On the good side, once you've sent the book name to the other person, you can send the key without it having a real effect on how easy it is to break the code. However, the way it's often done is to make a 'book' of a random code. Imagine something the size of a phone book with column and line numbers, and the contents are exclusively random alphanumeric strings. Then, when I send my message, I tell you 'column X line Y' and you just look it up in the book. Since the book is random, this eliminates problems 2 and 3, I just need to make sure I never use the same lines twice. This was used by the Russians for a while and the Americans felt it nigh unbreakable until the second or third message when we realized they always encoded their messages starting with the first line of the book. Otherwise the other guys need to get your 'book' (which could be built into your communication devices') to figure out the message.

The down side, with what you suggested or what I suggested, is that if, after the fact, the bad guys get the book in question, they can unencrypt all of your previous messages.

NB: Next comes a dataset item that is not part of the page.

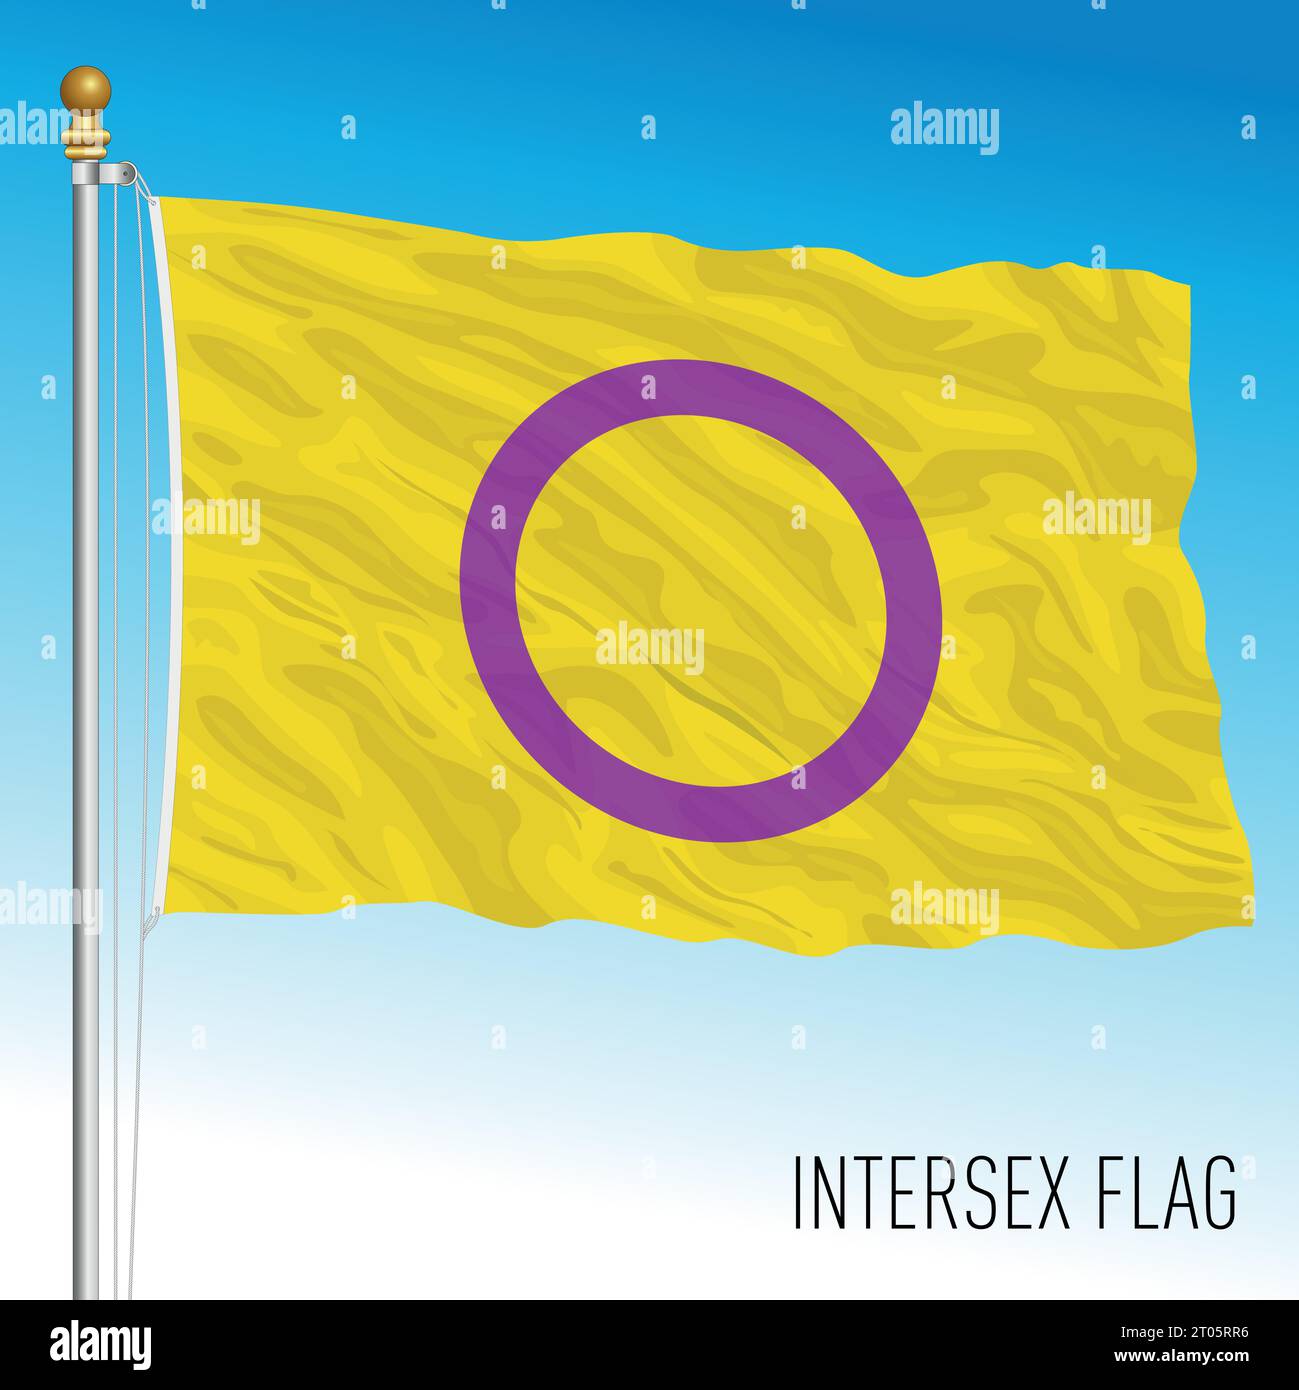 Intersex movement waving flag, international symbol, vector illustration Stock Vector

This may or may not be a problem, depending on the situation.

A one-time pad can be copied, so the number of guesses possible would be limited to the number of copies of the information.

A one time pad can NOT be copied, because it ceases to be a one time pad. The problem with copying a one time pad is that I can take your two messages which I know are encrypted with the same pad and run analysis on those two. It is possible to break encryption this way, although it requires either a lot of small messages or a few longer ones. This is exactly why the Americans broke the Russian code, they used the same pad more than once.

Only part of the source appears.